Bretton Lahner, a tour guide, yesterday had to use his knife to put an end to the suffering of a severely injured impala lying on a road of the Kruger National Park.

CROCODILE BRIDGE – Bretton Lahner, an experienced tour guide, was travelling along yesterday in an open safari vehicle with visitors to the Kruger National Park in the Crocodile Bridge section when they came across the gruesome sight of an impala that was still alive but had been hit by a speeding vehicle. Her back and legs were broken and entrails were hanging from her anus.

It was obvious to Lahner that she had been “very recently severely hit by a vehicle at great speed. I can’t see an animal suffer.

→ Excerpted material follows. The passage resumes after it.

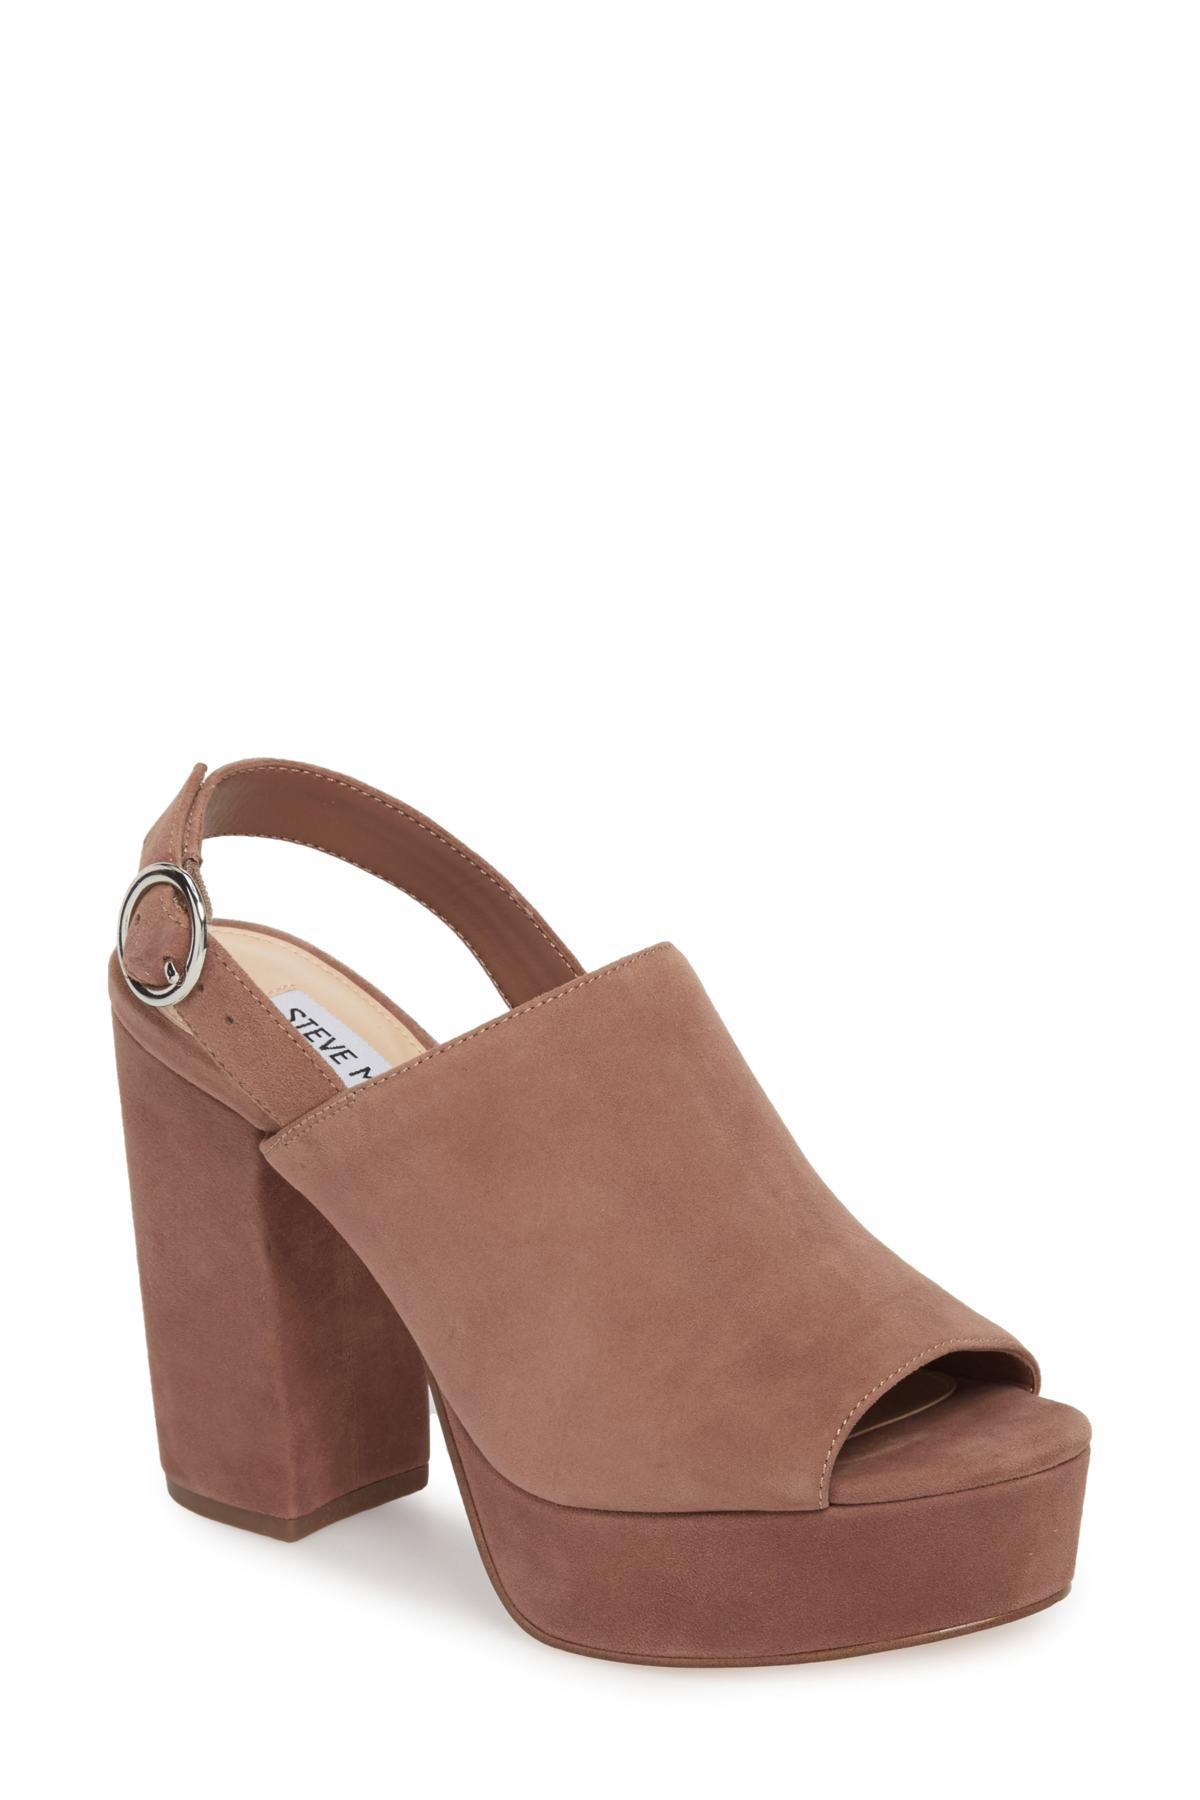 379fa32a8a496 Steve Madden Brown Carter Slingback Platform Sandal (women)

If it has been injured through natural events, I will do nothing. If it is suffering because of human carelessness like in this case, I will help it out of its suffering,” he said.

“There were a few cars present and everyone was highly upset with the still living but clearly crippled impala. I got out of my vehicle, cut the animal’s throat and moved it off the road. There were a few cars that passed that may have incorrectly assumed I had hit the animal. I just ended its suffering.”

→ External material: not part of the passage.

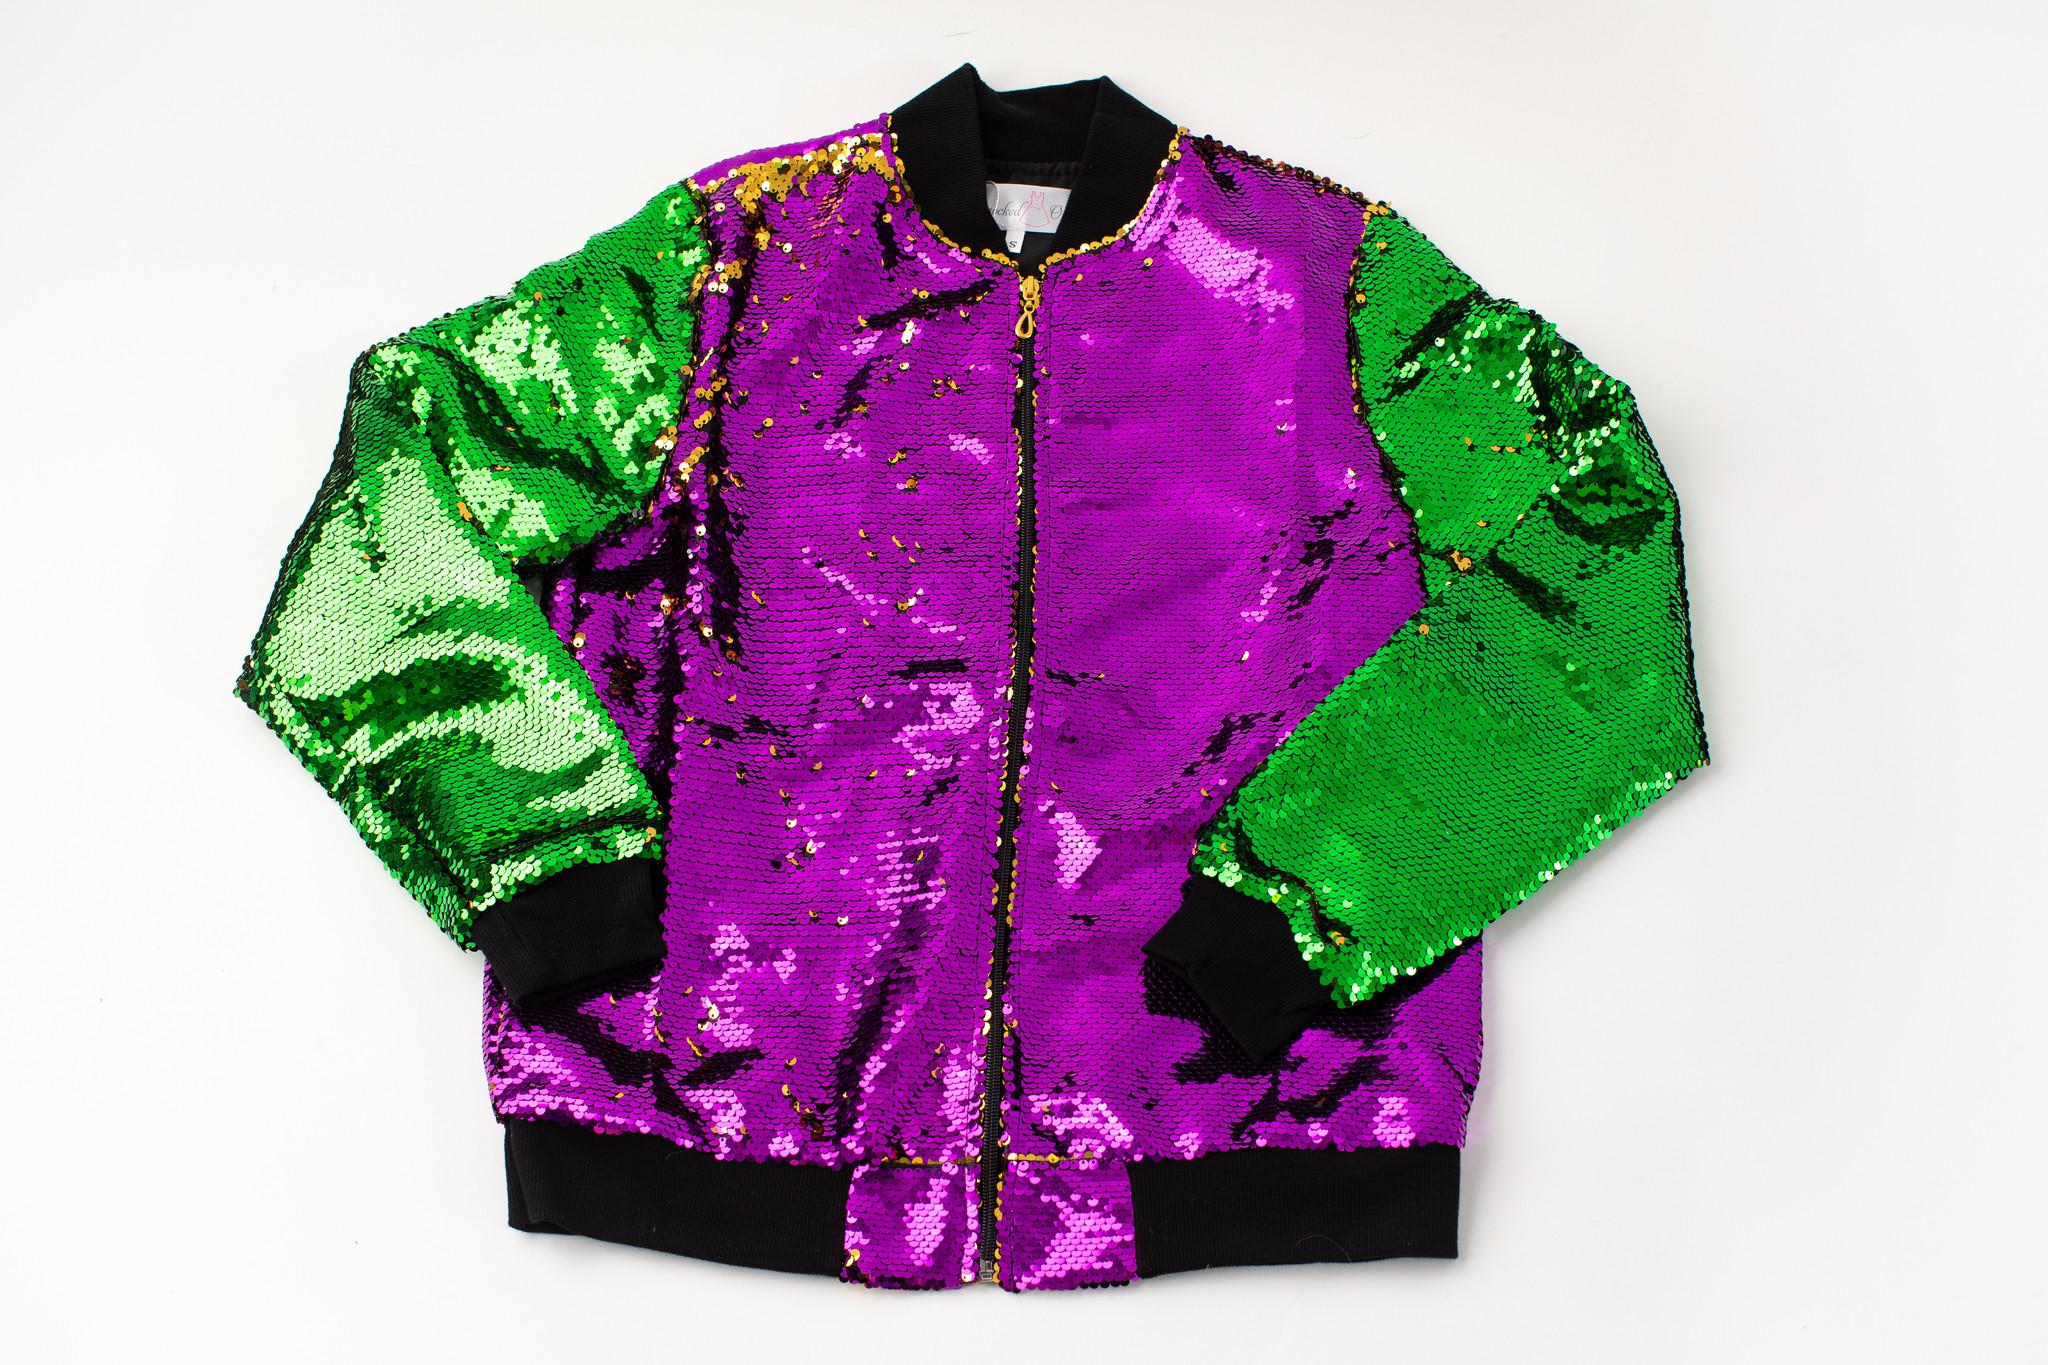 Mardi Gras Magic Sequin Jacket

He immediately reported it to the section ranger, Neels van Wyk and his SATOUR manager.

The incident happened on the H4-2 between Lower Sabie and Crocodile Bridge, about one kilometre north of the southern entrance to Mativulungu.

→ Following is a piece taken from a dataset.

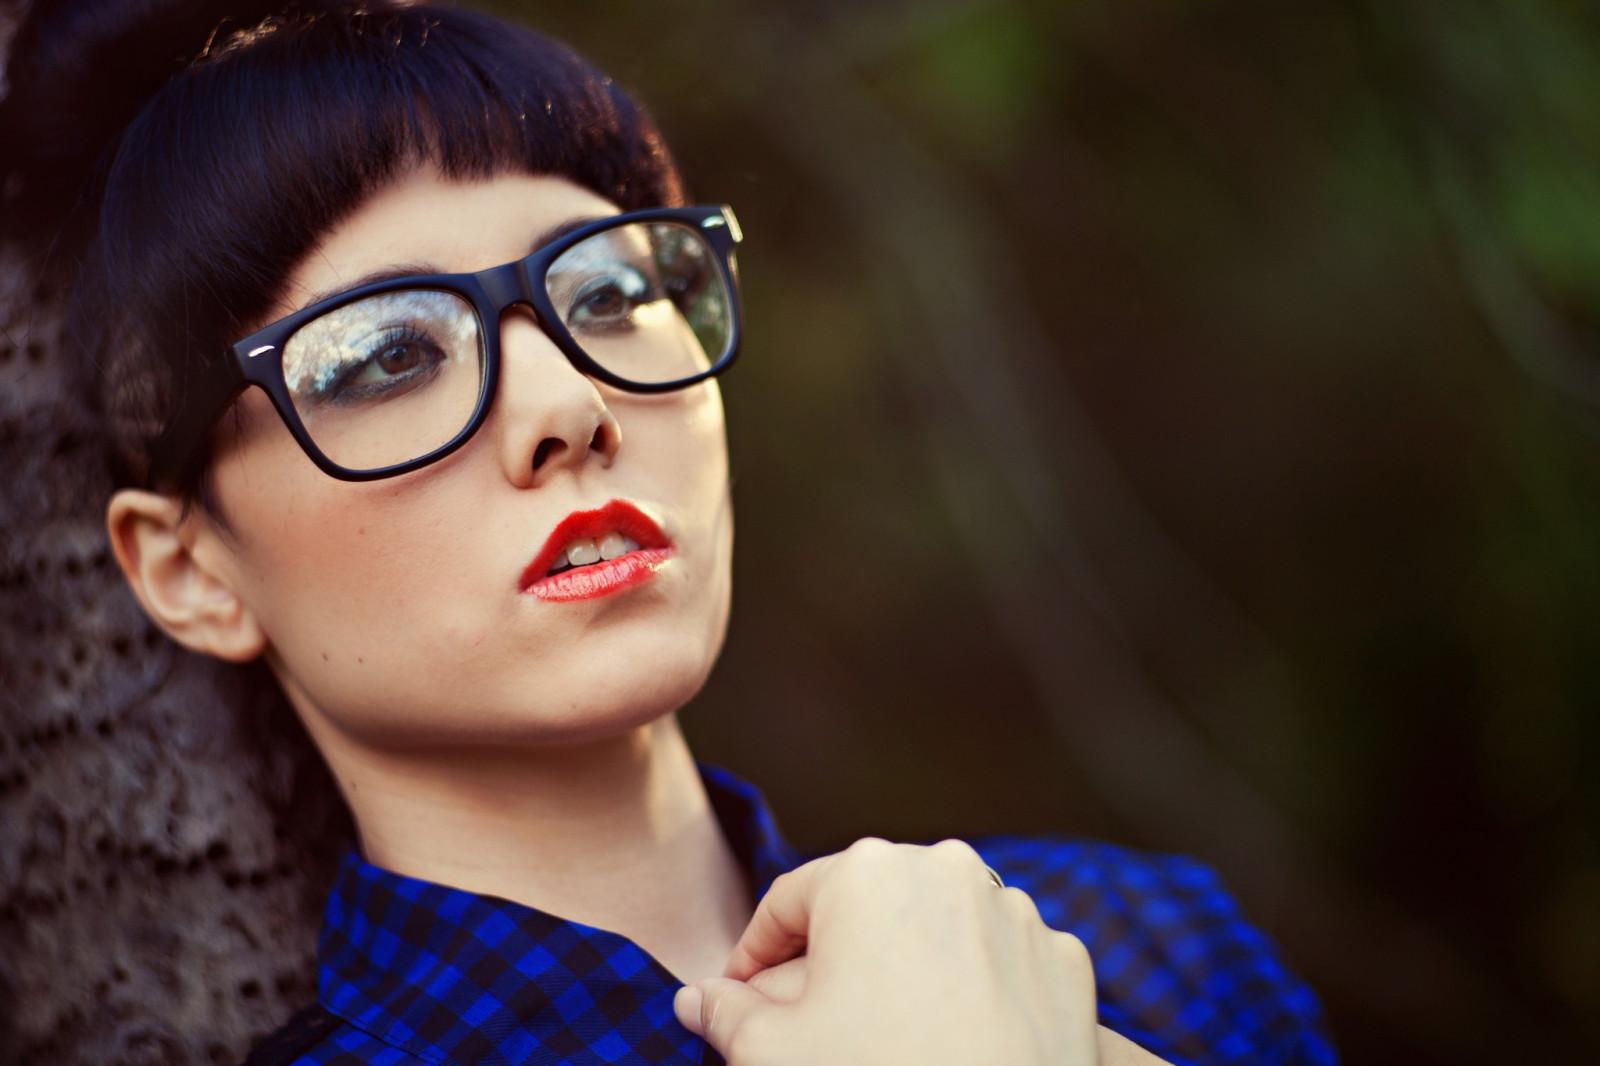 Red Lipstick Brown Hair Blue Eyes: Wallpaper : Face, Women Outdoors, Model, Looking Away

Lahner, an experienced and well-loved guide since 1995 in various parks, said it is always safety first with him and this was also very much on his mind when he got out of the vehicle.

He did have a “good look around. The upside is that the injured and struggling impala would have drawn any watching predator in a flash. Kruger cats and even the wild dogs often use vehicles for cover when stalking their prey and this poor creature had been there for at least five minutes.”

It is against the KNP’s policy to leave a vehicle, a fact that Lahner is very aware of. He played open cards about this incident with the Kruger authorities. Comment from the KNP management on the incident will be sought for an update on this article on Thursday.

An eye-witness, Karen Brown, who was on the vehicle with Lahner, said she knows “it went against the grain with Lahner, but it was something he had to do. Not easy for a man so passionate about animals and the bush.”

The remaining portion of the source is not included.